Josephine Oppong-Yeboah, a broadcaster and gender equality advocate, has urged the government to increase investments in digital education that prioritizes the needs of girls.
She said investing in digital education infrastructure would create an enabling environment and entice more females to the sector to support the country’s industrialization agenda.
Oppong-Yeboah was commenting on the theme, “Innovation and technological change, and education in the digital age for achieving gender equality and the empowerment of all women and girls,” in an interview with the Ghana News Agency when she attended the Commission’s Status of Women (CSW67) meeting in New York, United States of America.
The session was aimed at identifying the key factors and trends regarding women’s participation in ICT and its dynamics, as well as analysing practices that could enable women’s participation in the digital world.
It sought to provide updated evidence for prognostics and policymaking in women in ICT in the world.
Josephine Oppong-Yeboah said data trends suggested that gender inequality in the digital sphere was essentially a result of the persistence of strong unconscious biases about what was appropriate and what capacities each gender had, as well as about the technologies themselves.
She noted that for the country to address the gender inequalities in the ICT sector, it needed to initiate processes at the educational level, particularly at the basic school level to enable girls to develop an interest in ICT at an early age.
“If the existing biases are not addressed, rapid economic advances by digital transformation will not take into account the existing gender gap in the sector, which will simply amplify and, possibly perpetuate gender stereotypes,” she said.
Josephine Oppong-Yeboah said, “Only a few women graduate in ICT-related fields and very few enter the sector after graduation.

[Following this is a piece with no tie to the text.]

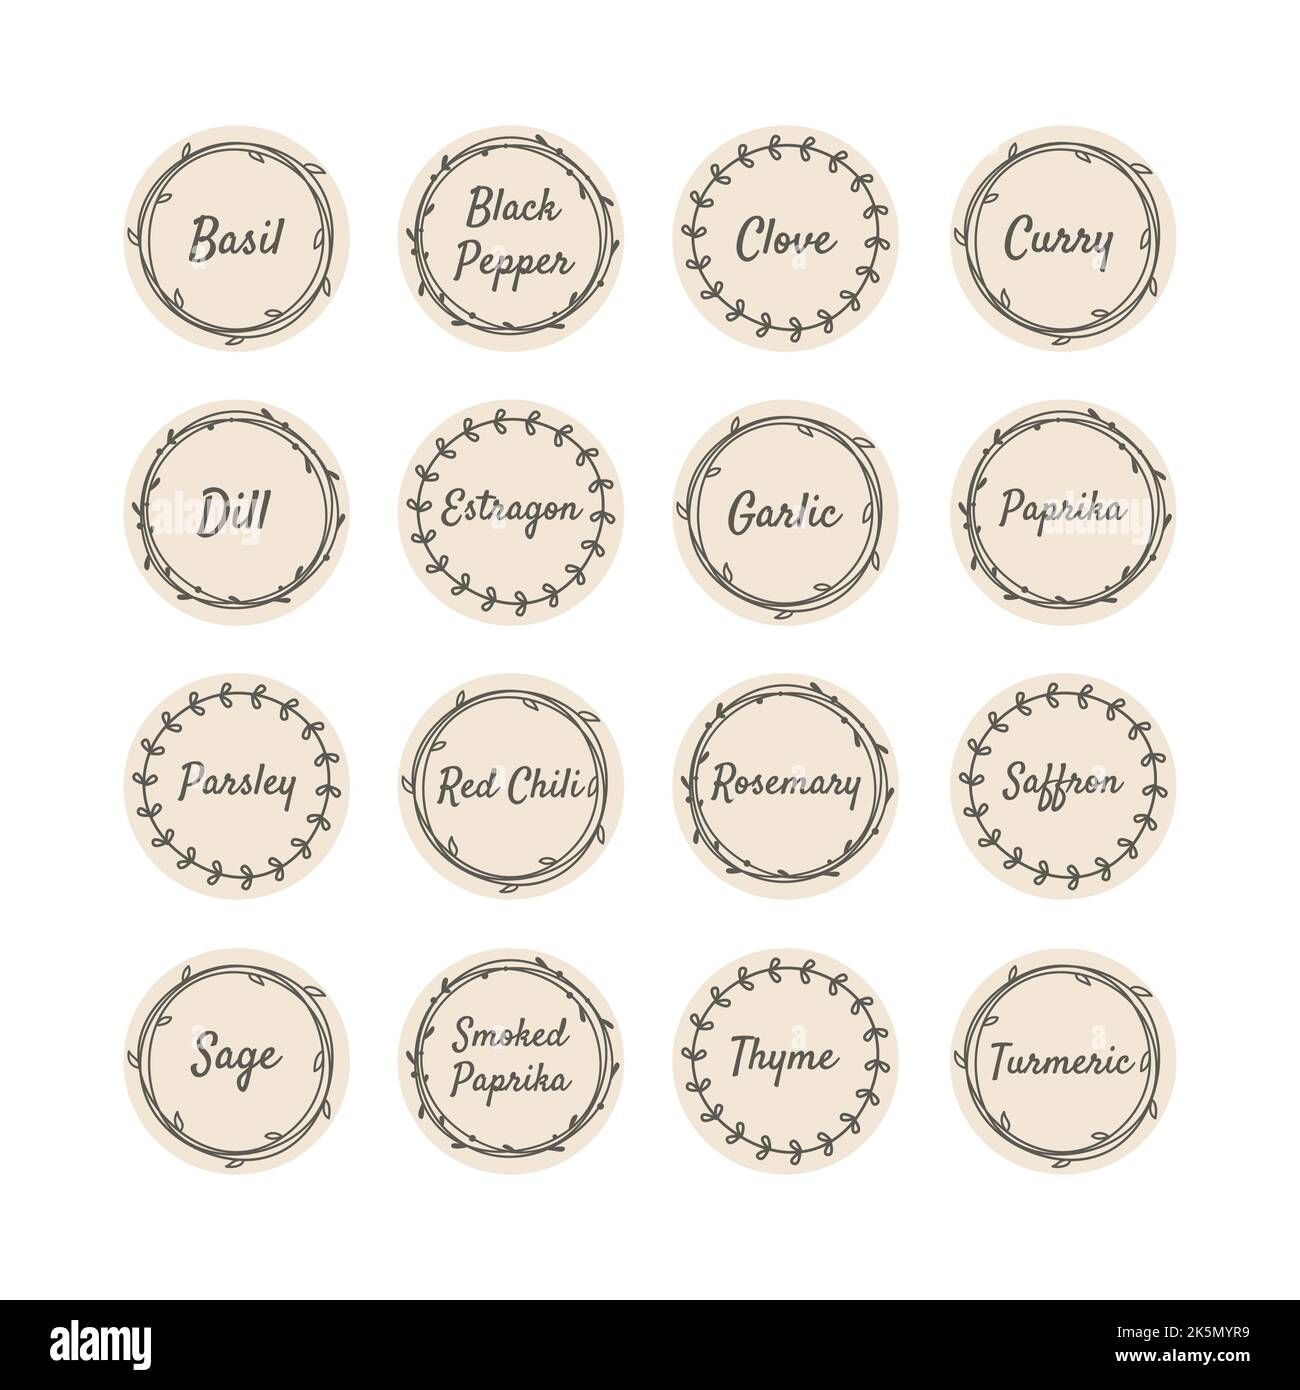 Vektor-Label-Set für Gewürze und Kräuter für Küchenbecher. Vintage-Sticker mit Gewürzellipse und Blumenkranz. Stock Vektor

Despite the increased awareness and numerous initiatives, women still face significant challenges in the sector that affect all stages of females’ career paths and life courses in the digital sphere.”
She thought that if equality in the digital sphere was not achieved, the world would miss talents, vision, resources, and wealth.
Josephine Oppong-Yeboah said when women were involved in technology development, they factored the concerns of their customized innovations that addressed their unique challenges.
On Ghana’s participation in the UN conference, she expressed concern about no representation from the country, describing it as “disheartening.”
“Today’s session is very critical, and Ghana needed to be here. We cannot claim to be interested in the affairs of women and ignore today’s session with no representation,” she told the GNA.